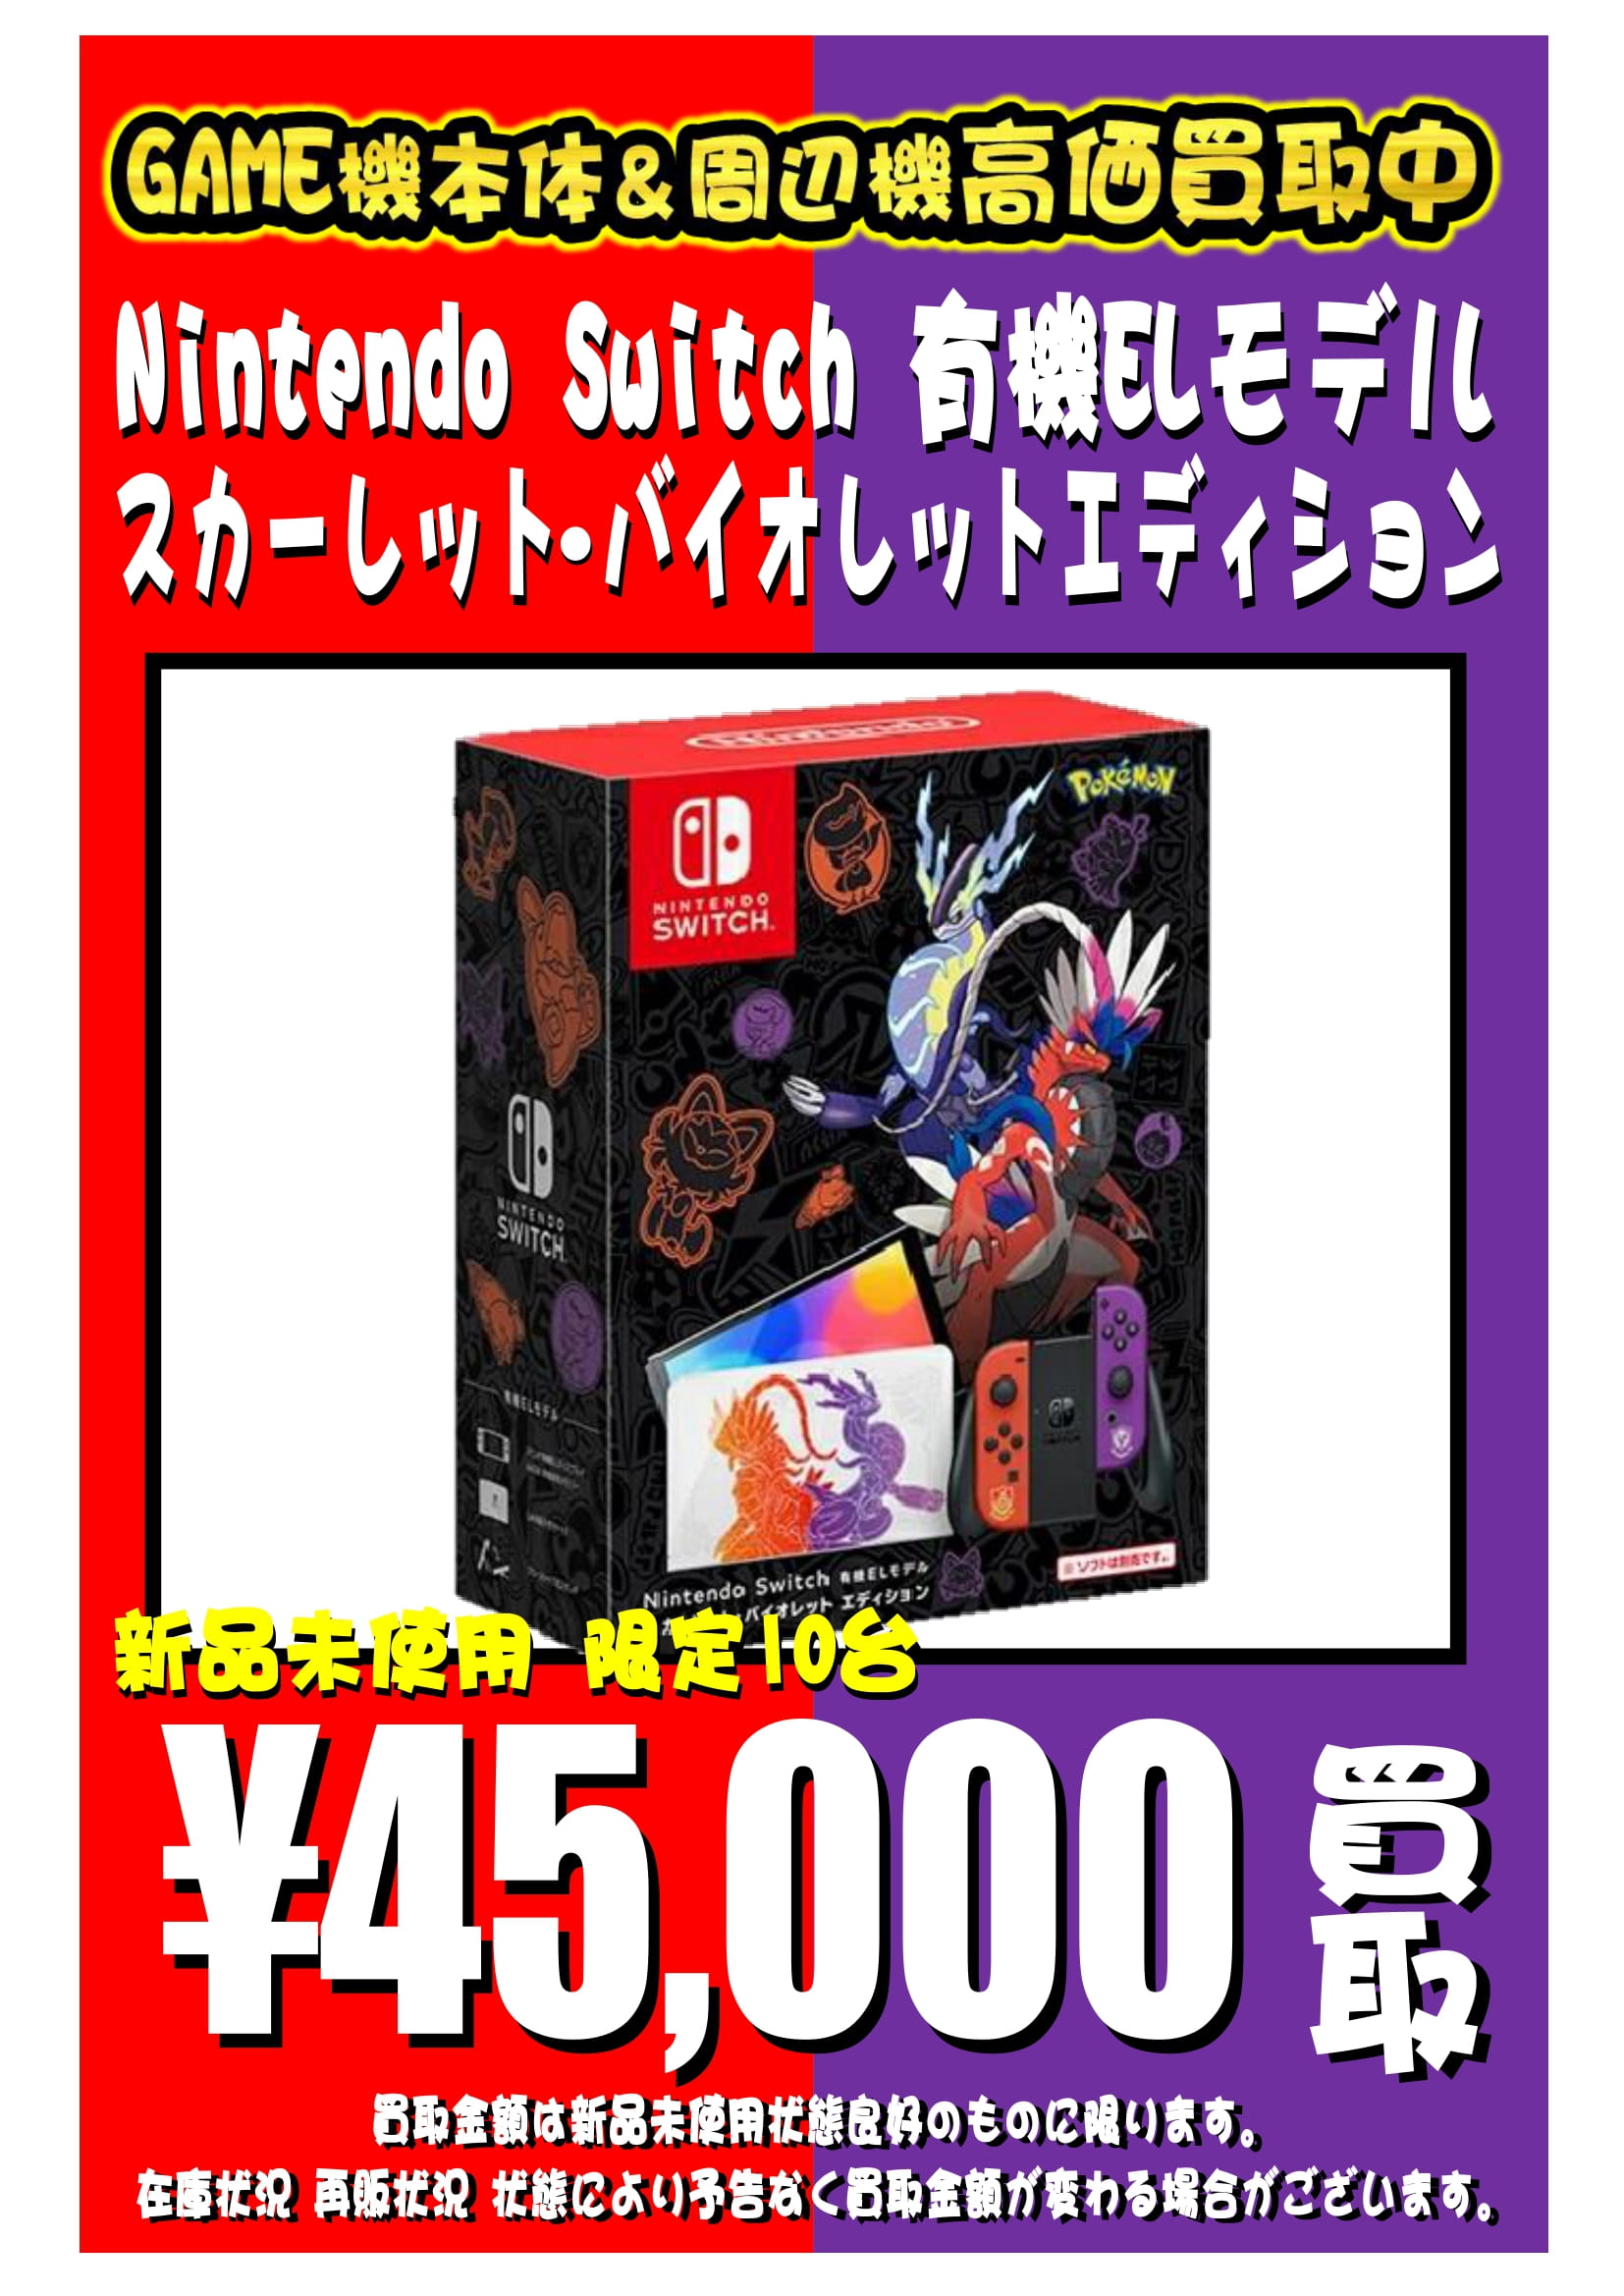 Nintendo Switch スカーレット・バイオレットエディション www
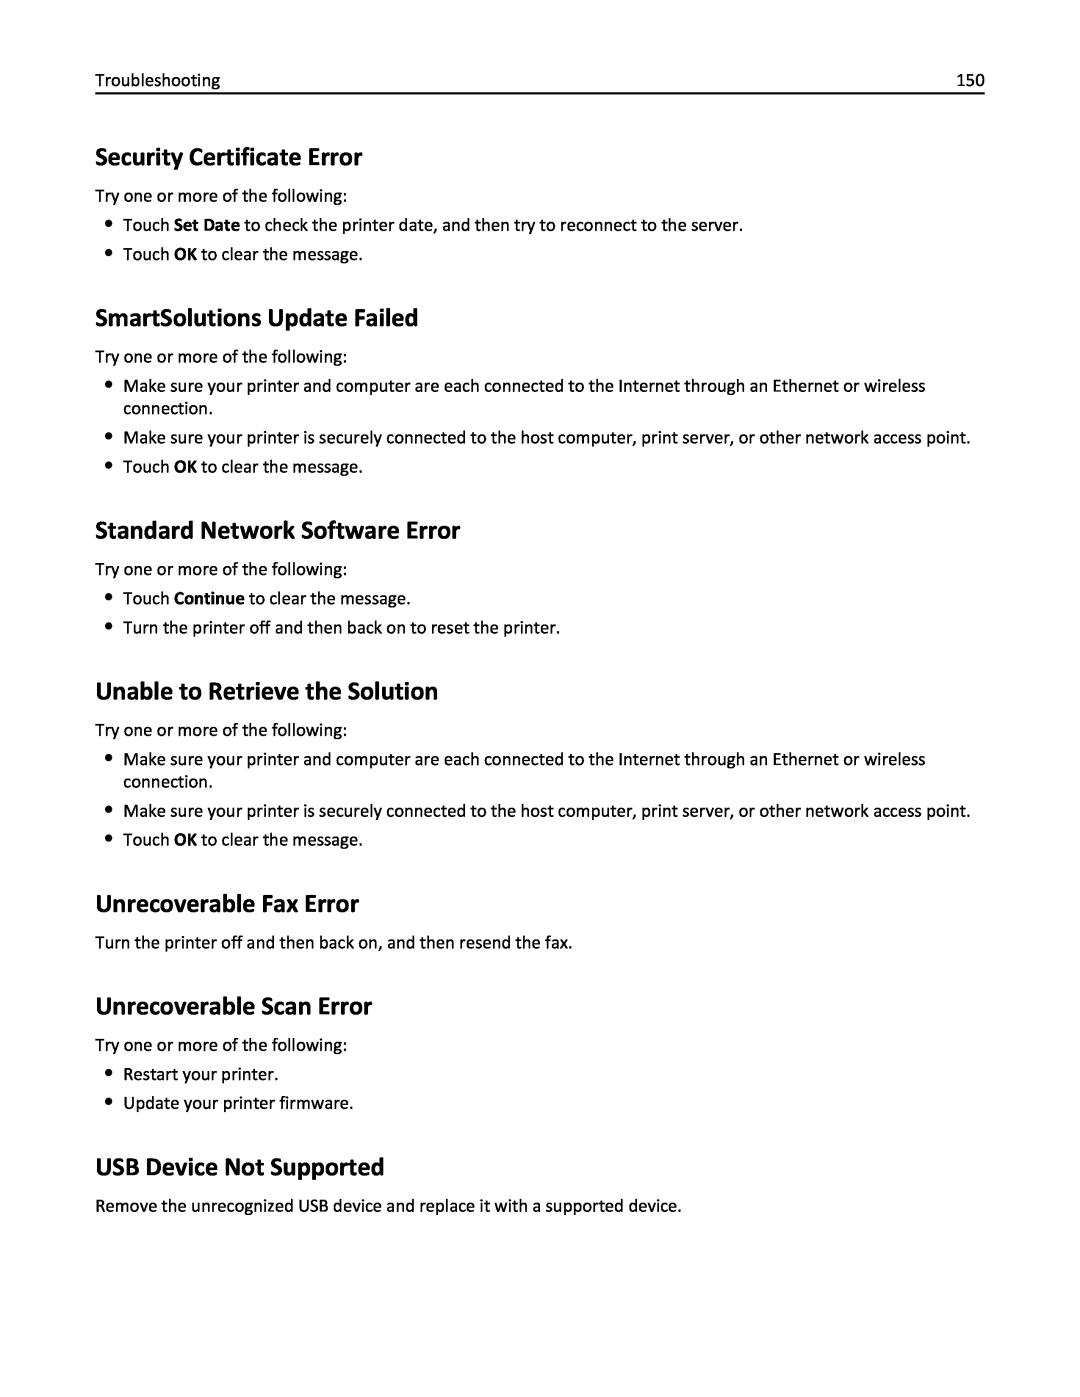 Lexmark 20E, 200 manual Security Certificate Error, SmartSolutions Update Failed, Standard Network Software Error 
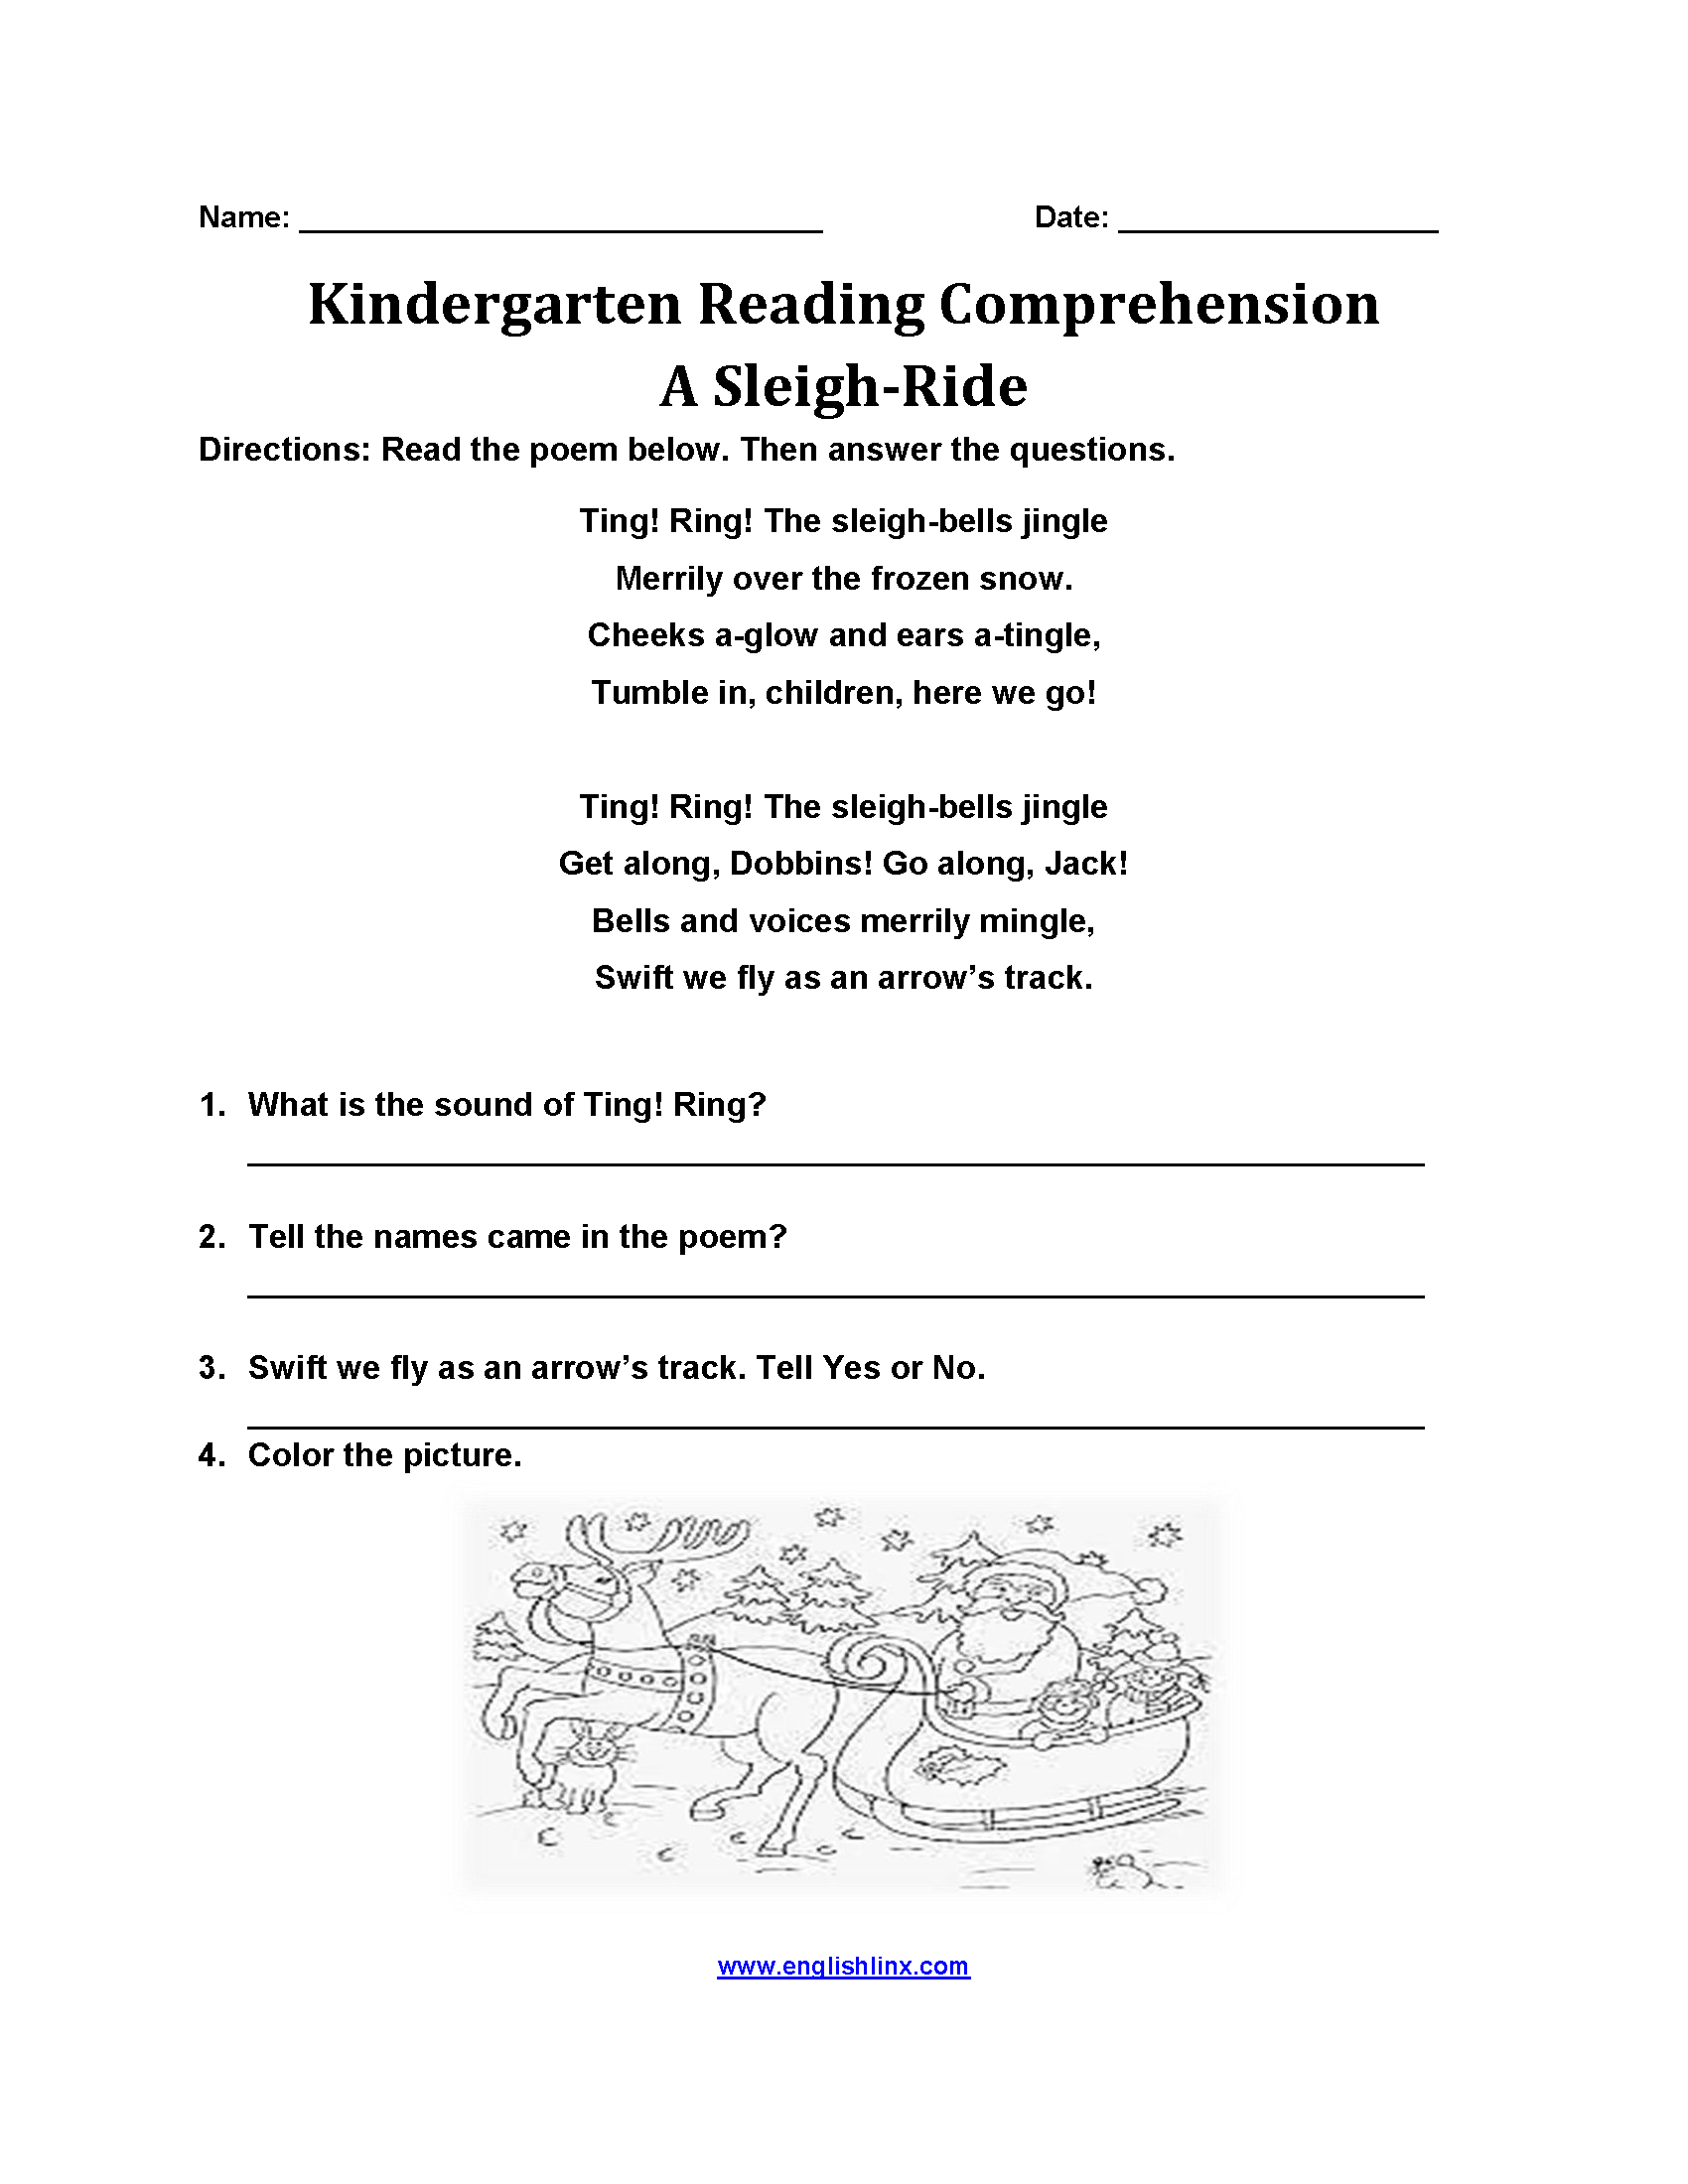 Sleigh Ride Kindergarten Reading Comprehension Worksheets

Activity: Once the images are set aside, retype all of the material above exactly.

Exercise result:
 Nintendo Switch スカーレット・バイオレットエディション www
 Lexmark 20E, 200 manual Security Certificate Error, SmartSolutions Update Failed, Standard Network Software Error 
 Sleigh Ride Kindergarten Reading Comprehension Worksheets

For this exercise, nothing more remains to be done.